View Full Version : Grid performance tips

25 Sep 2007, 7:16 AM

I need to update the contents of a grid as fast as possible.
My first try was a tradicional approach, updating the underlying record.

function onMessage(message) {
var record = ds.getById(message.data.id);
var copy = record.copy();
var values = message.data;
record.set('price', values[0]);
record.set('open', values[1]);
record.set('close', values[2]);
record.set('high', values[3]);
record.set('low', values[4]);
record.set('quantity', values[5]);
record.set('volume', values[6]);

but this is veeery slow...
I have some profile results if you are interested.
Basically camelFn and the GridView are killing the performance.

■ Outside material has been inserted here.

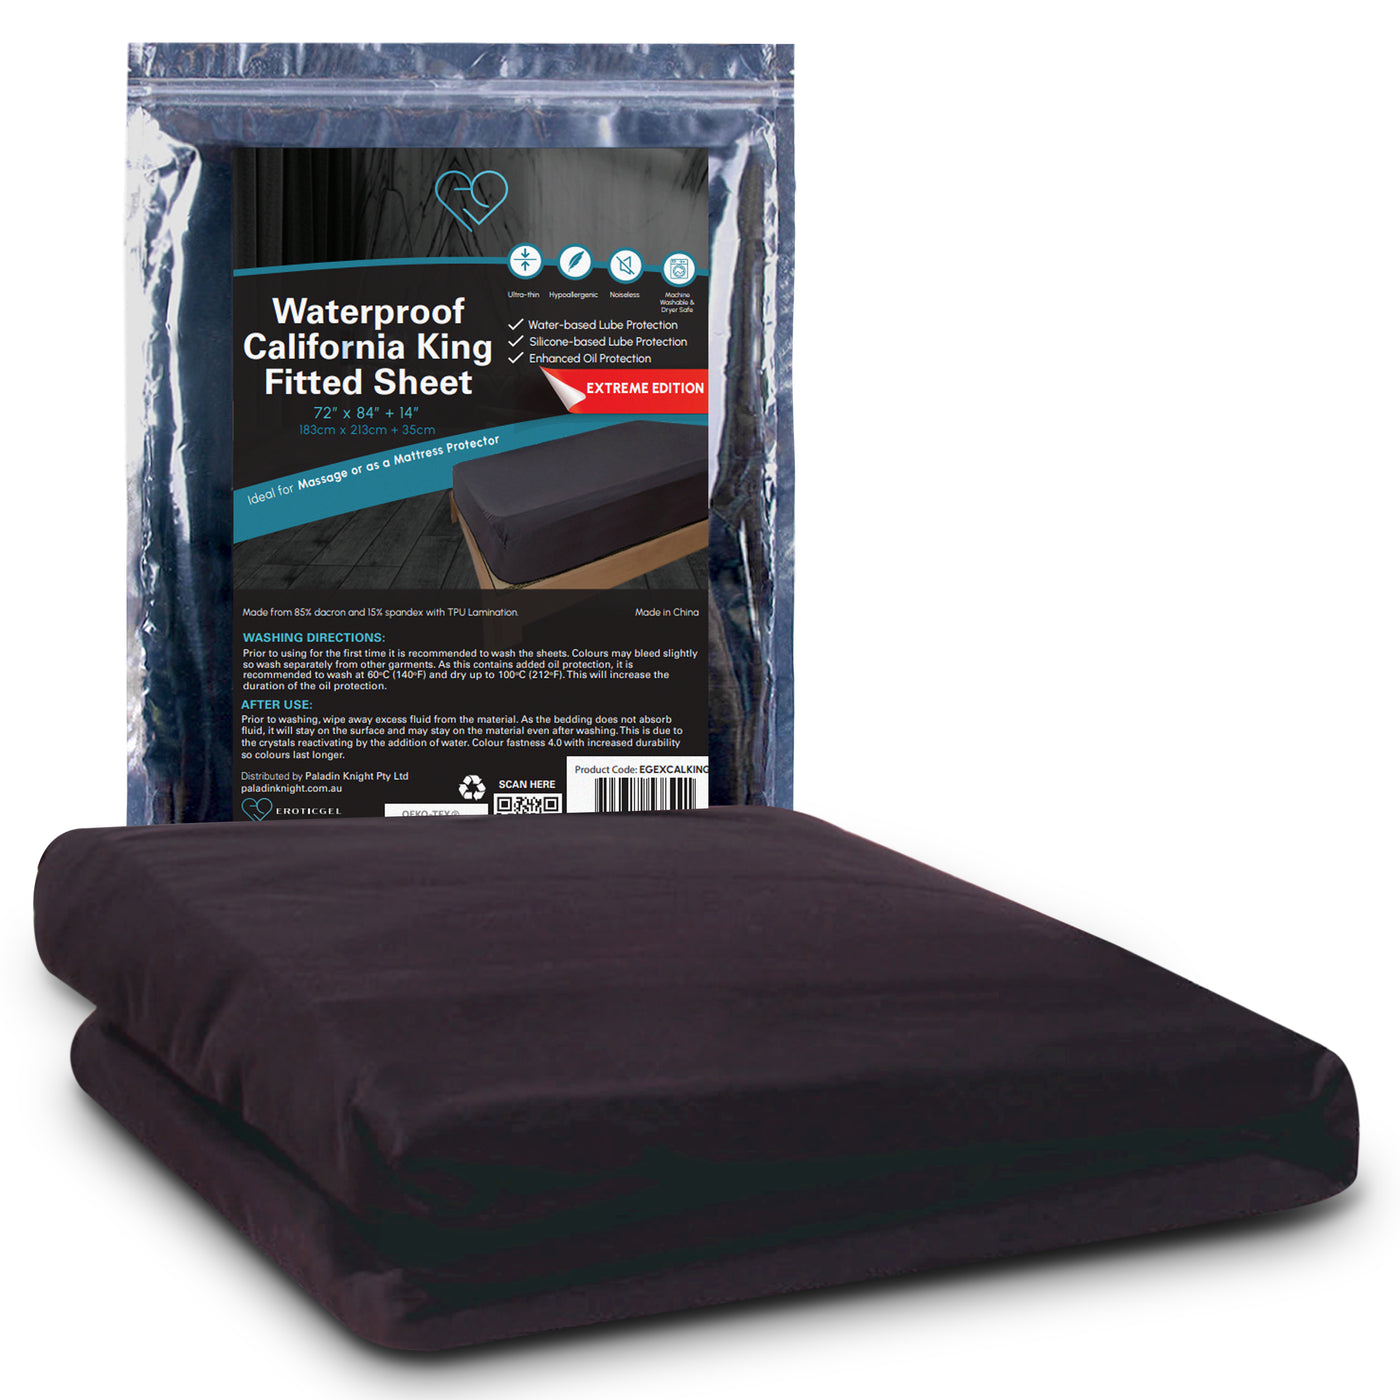 Eroticgel California King Waterproof Fitted Sheet EXTREME Edition 183cm x 213cm + 35cm (72''x84''+14'')

So I took another approach, just update the grid cell contents, like this:

function onMessage(message) {
var record = {};
record['price'] = values[0];
record['open'] = values[1];
record['close'] = values[2];
record['high'] = values[3];
record['low'] = values[4];
record['quantity'] = values[5];
record['volume'] = values[6];

var index = ds.indexOfId(symbol);
var view = grid.getView();
var cm = grid.getColumnModel();
(... loop through columns ... for each column)
var cell = view.getCell(index, i);
var el = Ext.get(cell);
var cellText = el.child('.x-grid-cell-text', true);
cellText.innerHTML = data;

This is way faster...
But... The underlying dataset is not updated.
So when I do anything with the grid, like moving a column the displayed "data" is lost (actually the underlying data was never updated).

Any tips to make the appropriate approach faster?

25 Sep 2007, 1:19 PM
Because the data for a record is stored in inside a variable in the record, your code should look something like this:

record.data.price = 1; //record.data.price is equivalent to record.data['price'], but a whole lot quicker.